Problem requirements: Look below for the line containing "Туляк занял второе" and the line containing "JC yeniden üretilmiş", then set down both and every line between them exactly, without pictures.

Data listing:
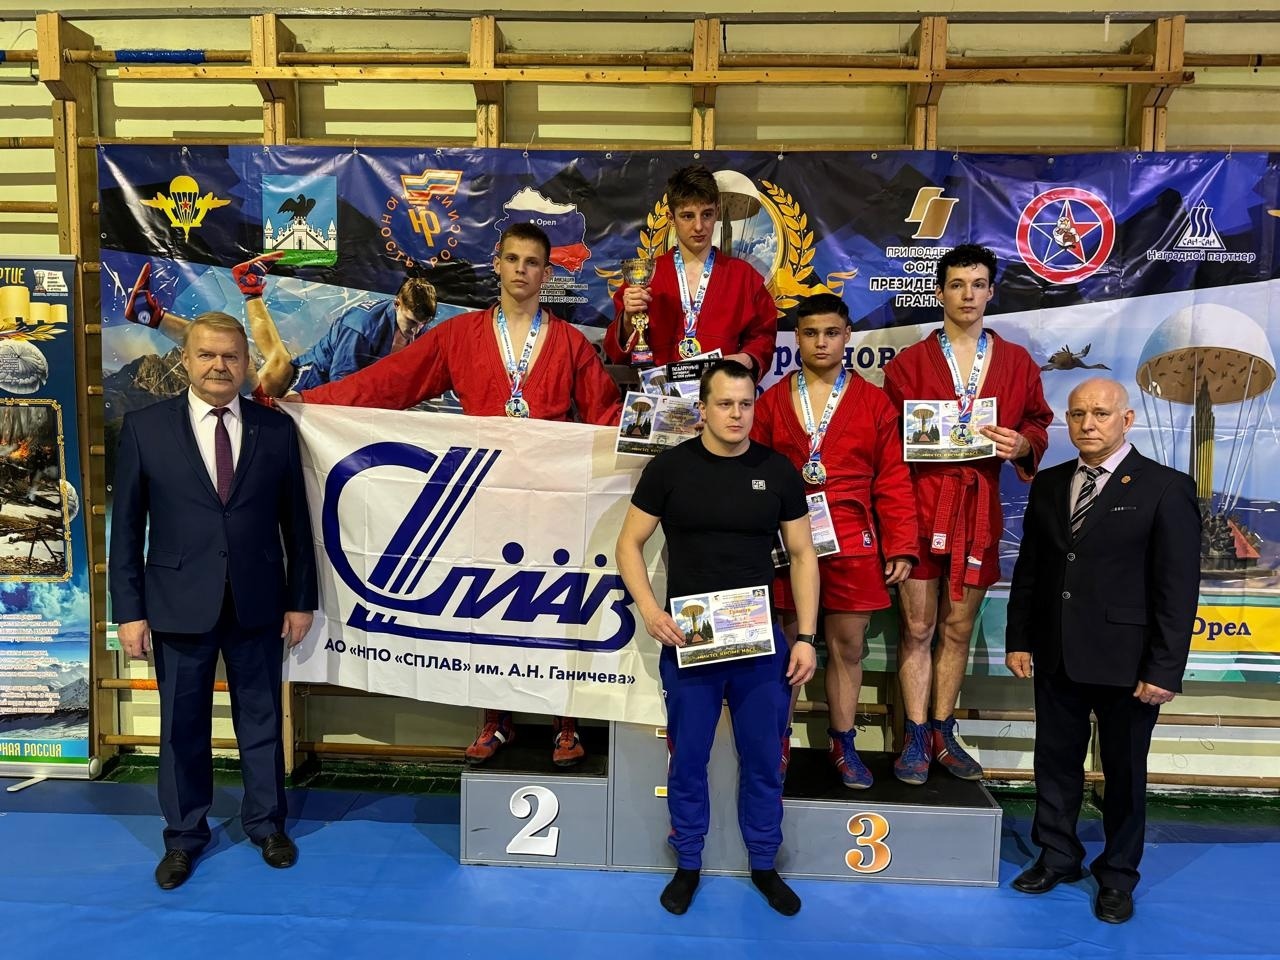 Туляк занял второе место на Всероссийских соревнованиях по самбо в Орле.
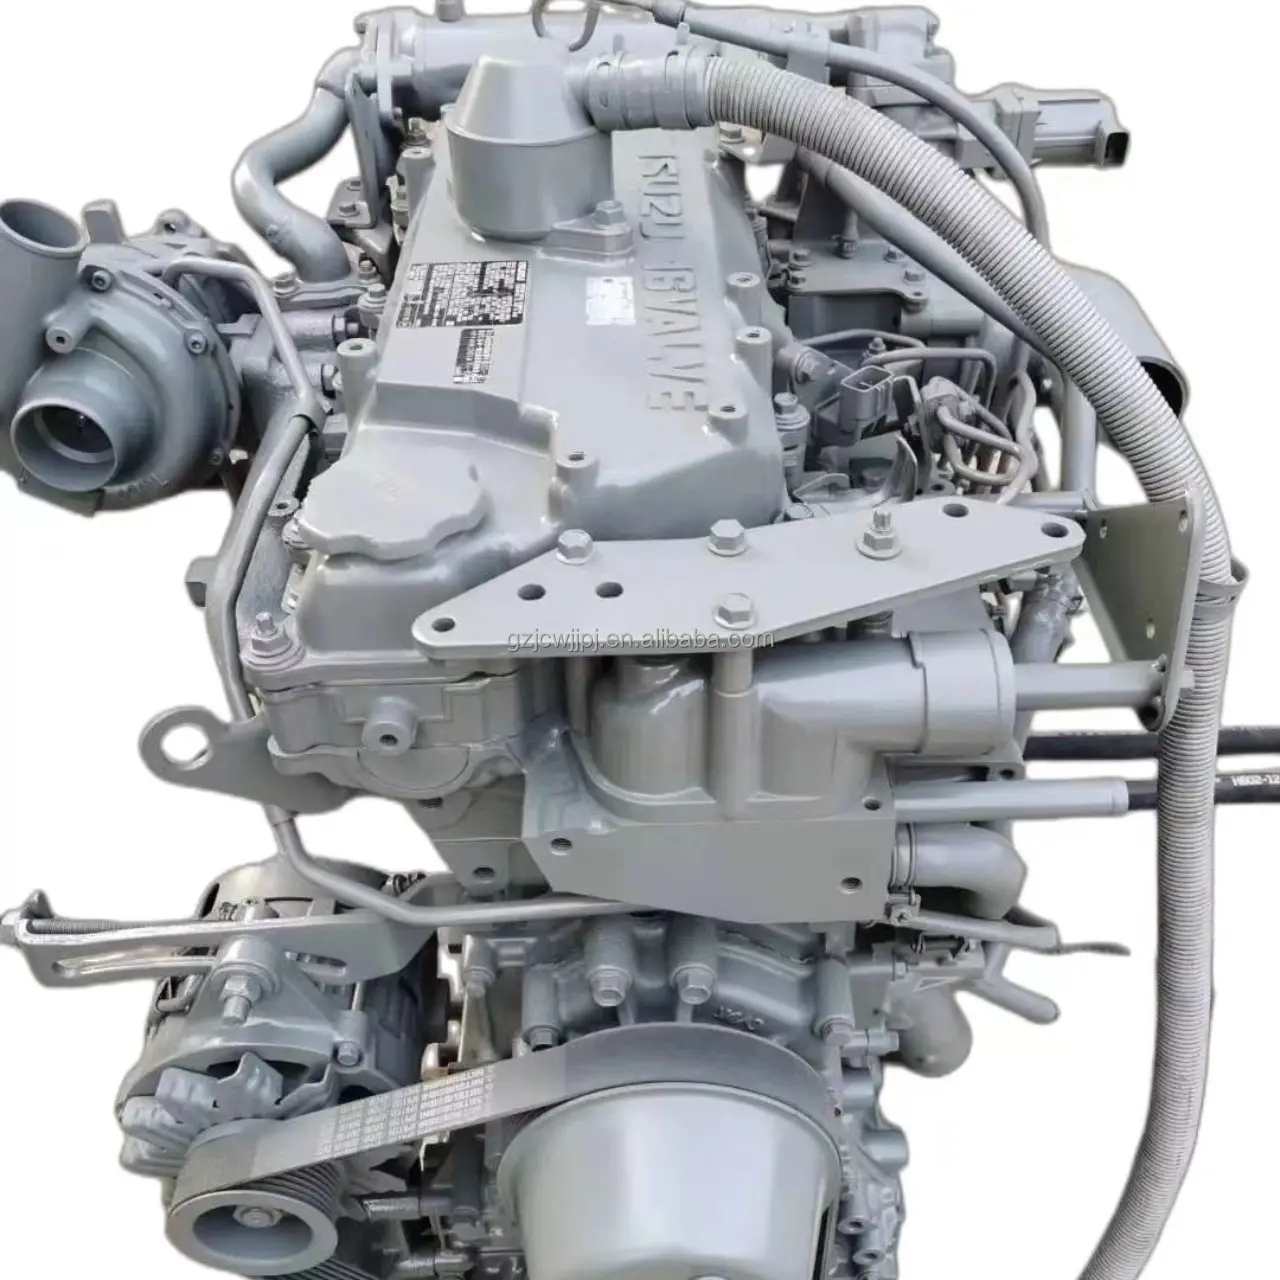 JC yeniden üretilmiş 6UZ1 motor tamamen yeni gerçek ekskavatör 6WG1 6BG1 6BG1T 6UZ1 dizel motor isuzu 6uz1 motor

...

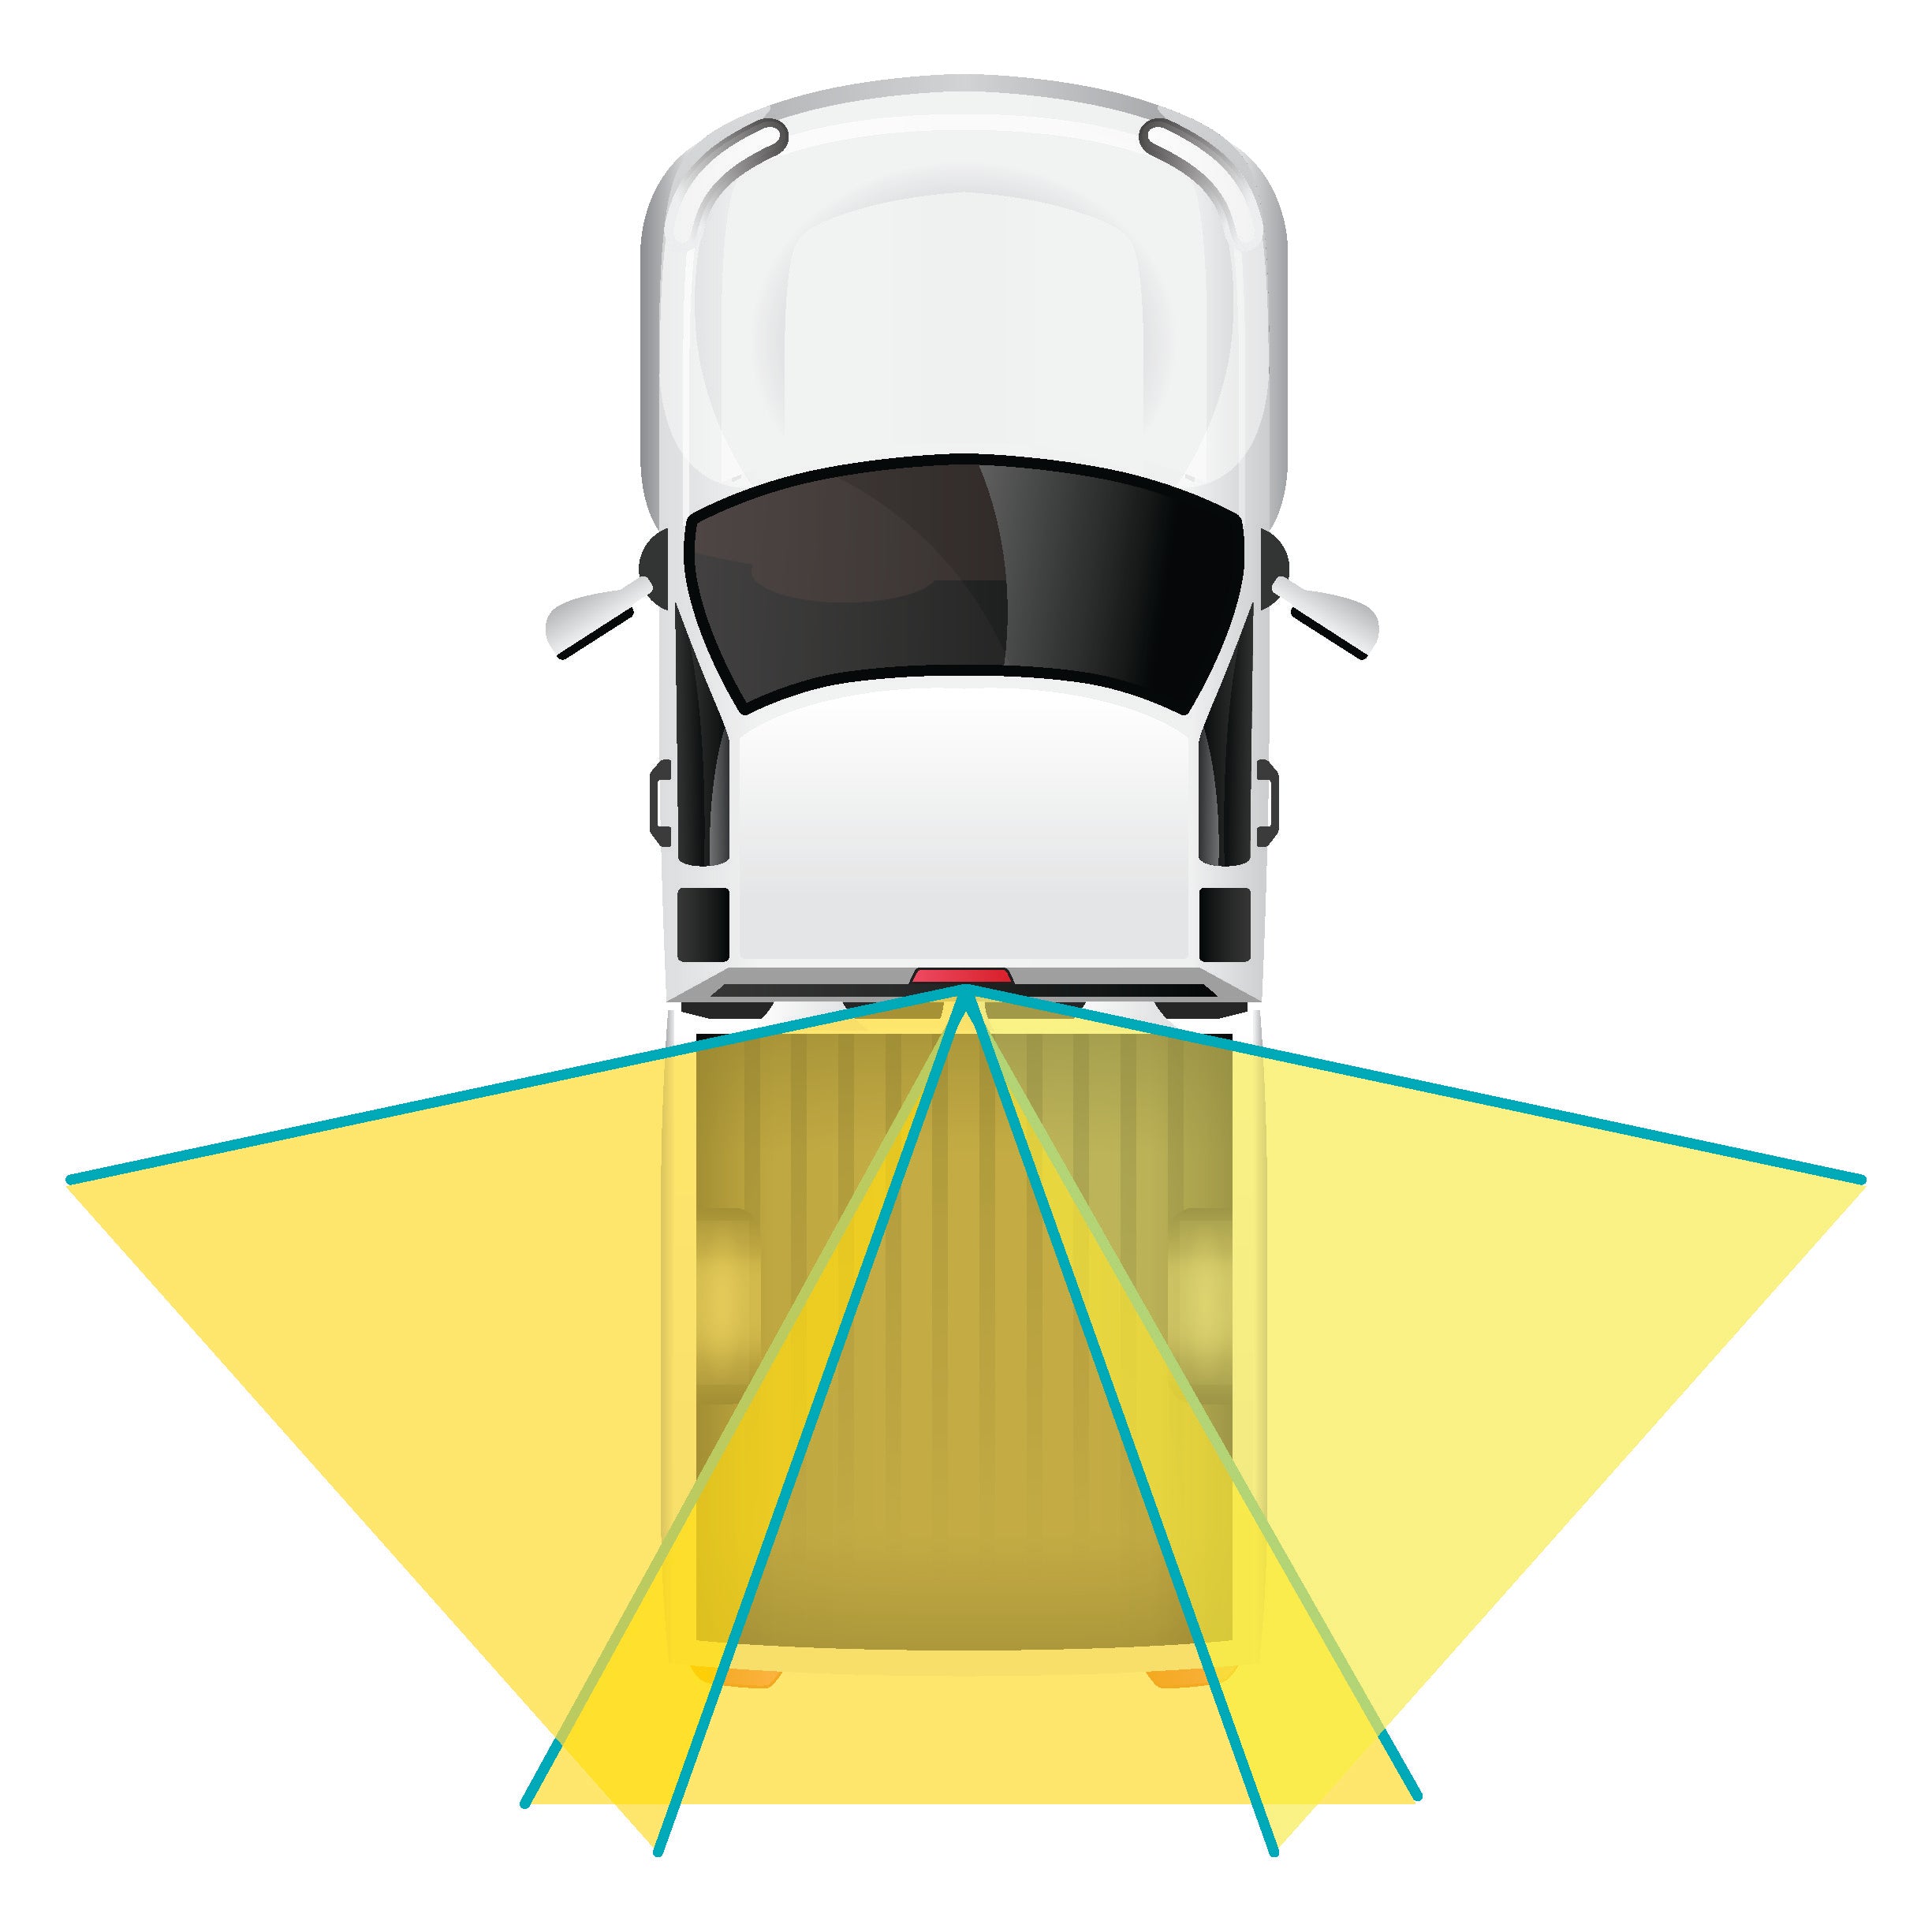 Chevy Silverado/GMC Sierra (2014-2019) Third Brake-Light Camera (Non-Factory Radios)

--

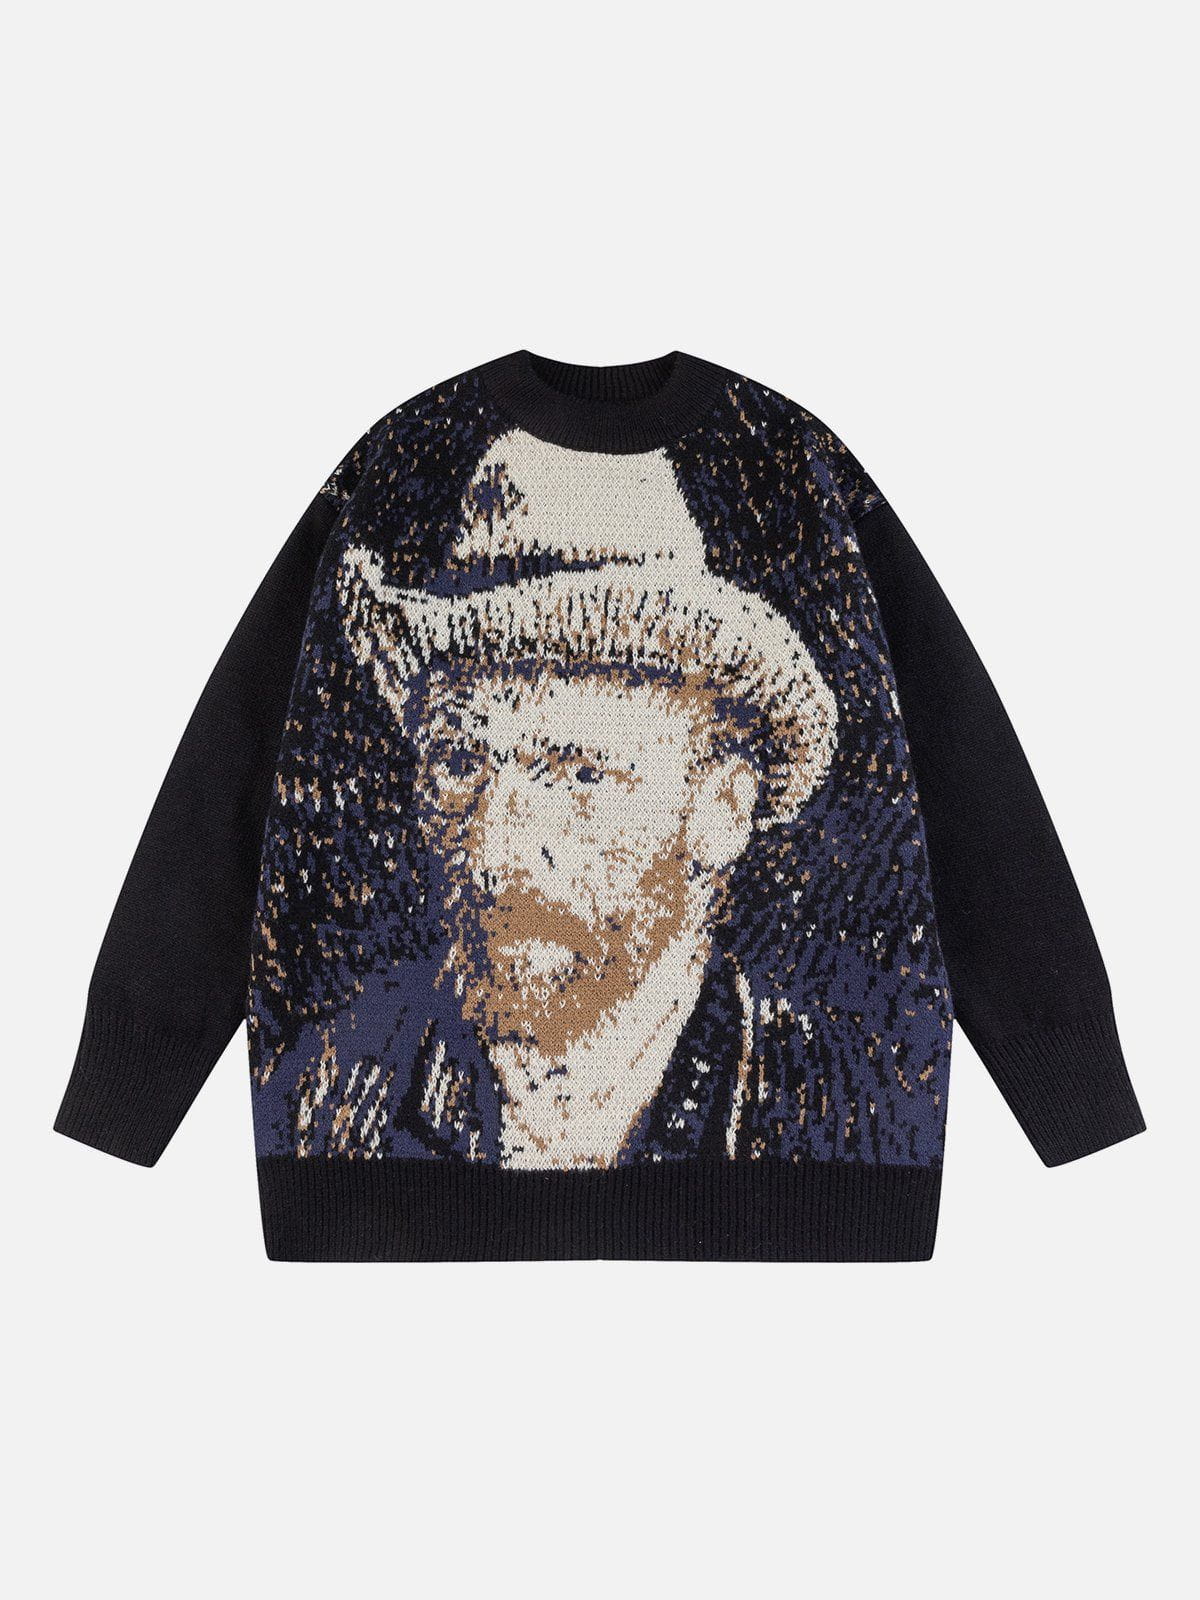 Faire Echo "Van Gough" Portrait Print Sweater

Answer section:
 Туляк занял второе место на Всероссийских соревнованиях по самбо в Орле.
 JC yeniden üretilmiş 6UZ1 motor tamamen yeni gerçek ekskavatör 6WG1 6BG1 6BG1T 6UZ1 dizel motor isuzu 6uz1 motor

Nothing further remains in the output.